Ахилла развернул книгу наудачу и прочёл: «В мире бе, и мир его не позна…»
«Чего это я ищу?» – подумал он отуманенною головой и развернул безотчётно книгу в другом месте. Здесь стояло: «И возрят нань его же прободоша».
Но в то время, как Ахилла хотел перевернуть ещё страницу, он замечает, что ему непомерно тягостно и что его держит кто-то за руки.
«А что же мне нужно? и что это такое я отыскиваю?.. Какое зачало? Какой ныне день?» – соображает Ахилла и никак не добьётся этого, потому что он восхищён отсюда… В ярко освещённом храме, за престолом, в светлой праздничной ризе и в высокой фиолетовой камилавке стоит Савелий и круглым полным голосом, выпуская как шар каждое слово, читает: «В начале бе Слово и Слово бе к Богу и Бог бе Слово». – «Что это, господи! А мне казалось, что умер отец Савелий. Я проспал пир веры!.. я пропустил святую заутреню».
Ахилла задрожал и, раскрыв глаза, увидал, что он действительно спал, что на дворе уже утро; красный огонь погребальных свеч исчезает в лучах восходящего солнца, в комнате душно от нагару, в воздухе несётся заунывный благовест, а в двери комнаты громко стучат.
Ахилла торопливо провёл сухой рукой по лицу и отпер двери.
– Заснул? – тихо спросил его входящий Бенефактов.
– Воздремал, – ответил дьякон, давая дорогу входившему за отцом Захарией духовенству.
– А я… знаешь… того; я не спал: я сочинял всю ночь надгробное слово, – шепнул дьякону Бенефактов.
– Что же, сочинили?
– Нет; не выходит.
– Ну; это уж так по обыкновению.
– А знаешь ли, может быть ты бы нечто сказал?
– Полноте, отец Захария, разве я учёный!
– Что же… ведь ты в стихаре… ты право имеешь.
– Да что же в том праве, отец Захария, когда дара и понимания не имею?
– А вы, сударь, возьмите-ка да поусерднее о даре помолитесь, он и придёт, – вмешался шёпотом карлик.
– Помолиться! Нет, друг Николаша, разве ты за меня помолись, а я от печали моей обезумел; мне даже наяву видения снятся.
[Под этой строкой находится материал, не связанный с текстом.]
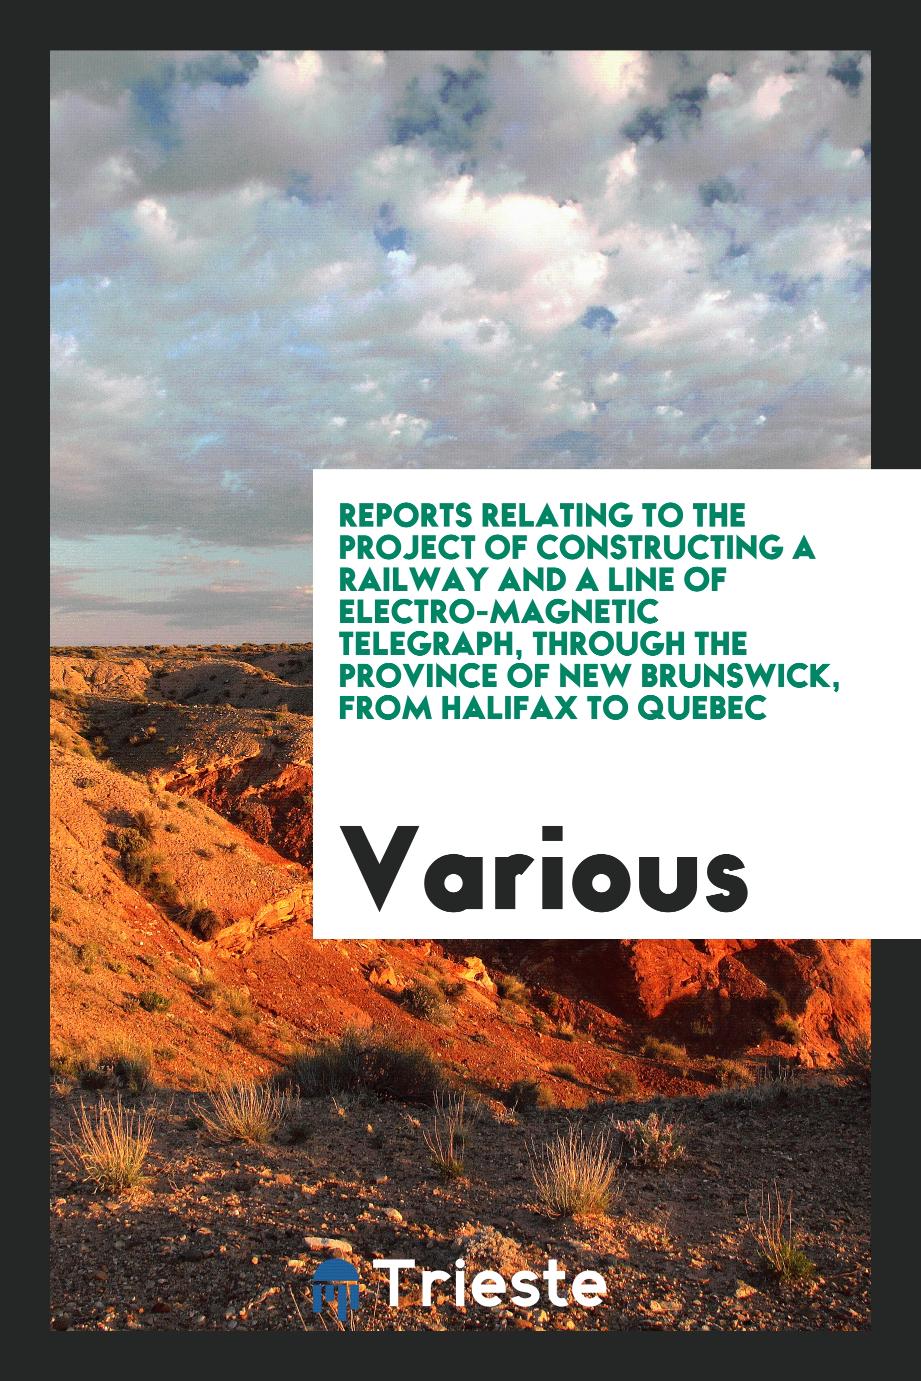 Reports Relating to the Project of Constructing a Railway and a Line of Electro-Magnetic Telegraph, Through the Province of New Brunswick, from Halifax to Quebec

– Что же, извольте, я помолюсь, – отвечал карлик.
Глава 8
Вот весь Старогород сопровождает тело Туберозова в церковь. Обедня и отпевание благодаря Ахилле производили ужасное впечатление; дьякон, что ни начнёт говорить, захлёбывается, останавливается и заливается слезами. Рыдания его, разносясь в толпе, сообщают всем глубочайшую горесть.
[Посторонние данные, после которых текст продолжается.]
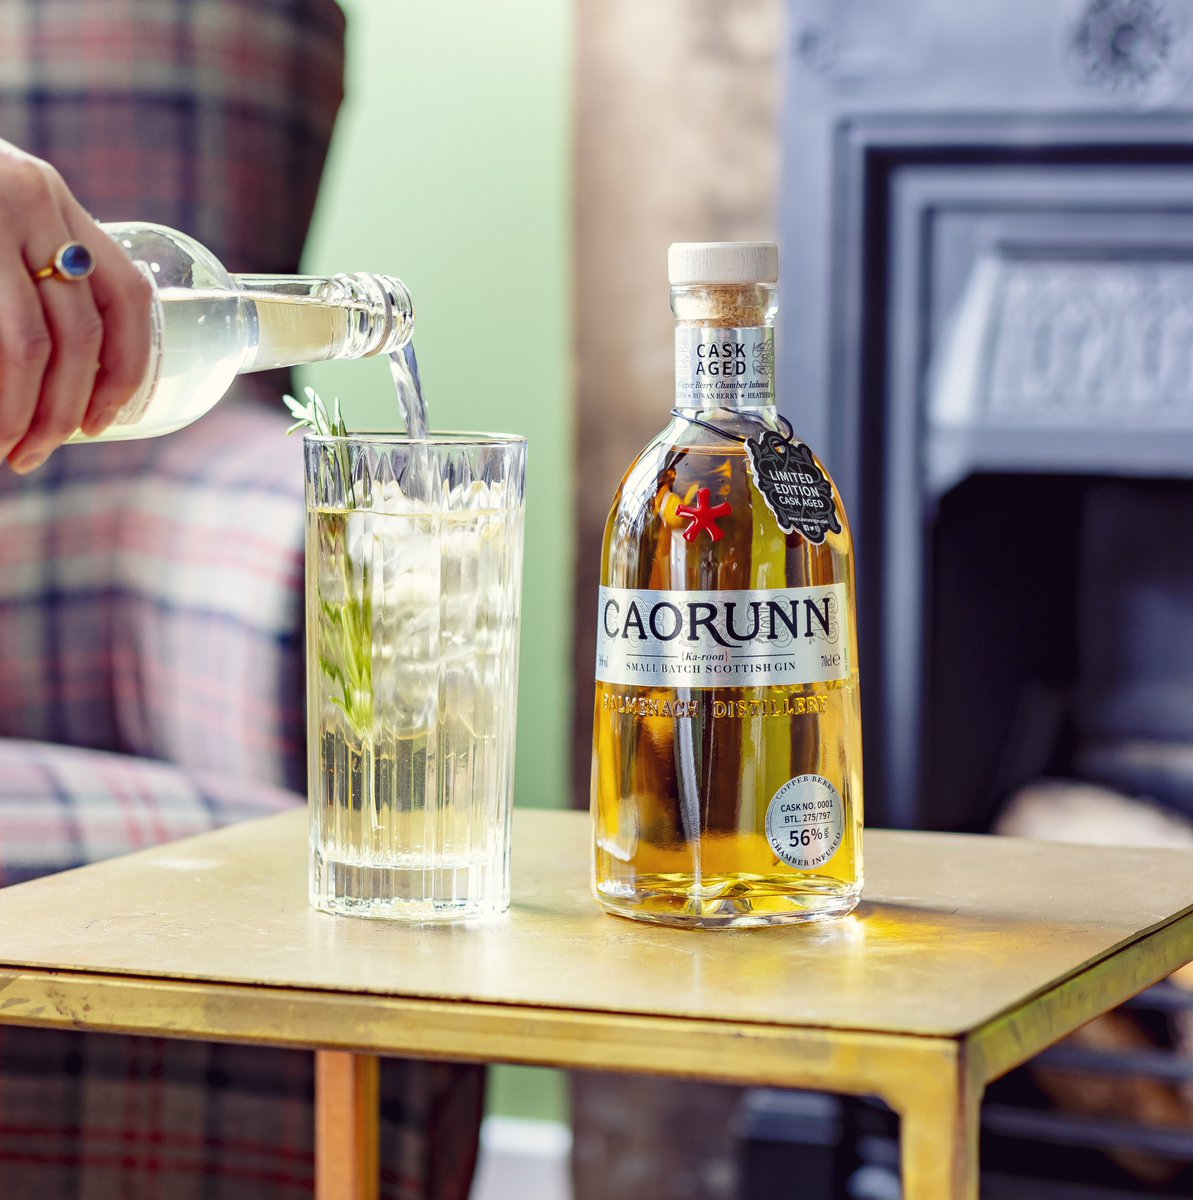 Embark on a journey through time and taste with Caorunn Cask Aged Gin. Rested in the finest hand selected Spanish Oak Casks, inspiring flavours of sweet spice and candied citrus. 🥃 It doesn't take a Gin Genius to drink responsibly. #CaorunnCaskAged #GinGenius #Caorunn

Только во время надгробного слова, сказанного одним из священников, Ахилла смирил скорбь свою и, слушая, тихо плакал в платок; но зато, когда он вышел из церкви и увидел те места, где так много лет ходил вместе с Туберозовым, которого теперь несут заключённым в гробе, Ахилла почувствовал необходимость не только рыдать, но вопить и кричать. Дабы дать исход этим рвавшимся из души его воплям, он пел «Святый Бессмертный, помилуй нас», но пел с такой силой, что слепая столетняя старуха, которую при приближении печального шествия внуки вывели за ворота поклониться гробу, вдруг всплеснула руками и, упав на колени, воскликнула:
– Ох, слышит это, слышит господь, как Ахилла под самое небо кричит!
Но вот и обведённое рвом и обсаженное ветлами место упокоения – кладбище, по которому часто любил гулять вечерами Туберозов и о порядке которого он немало заботился. Гроб пронесли под перемёт тёмных тесовых ворот; пропета последняя лития, и белые холсты, перекатившись через насыпь отвала, протянулись над тёмною пропастью могилы. Через секунду раздастся последний «аминь», и гроб опустится в могилу.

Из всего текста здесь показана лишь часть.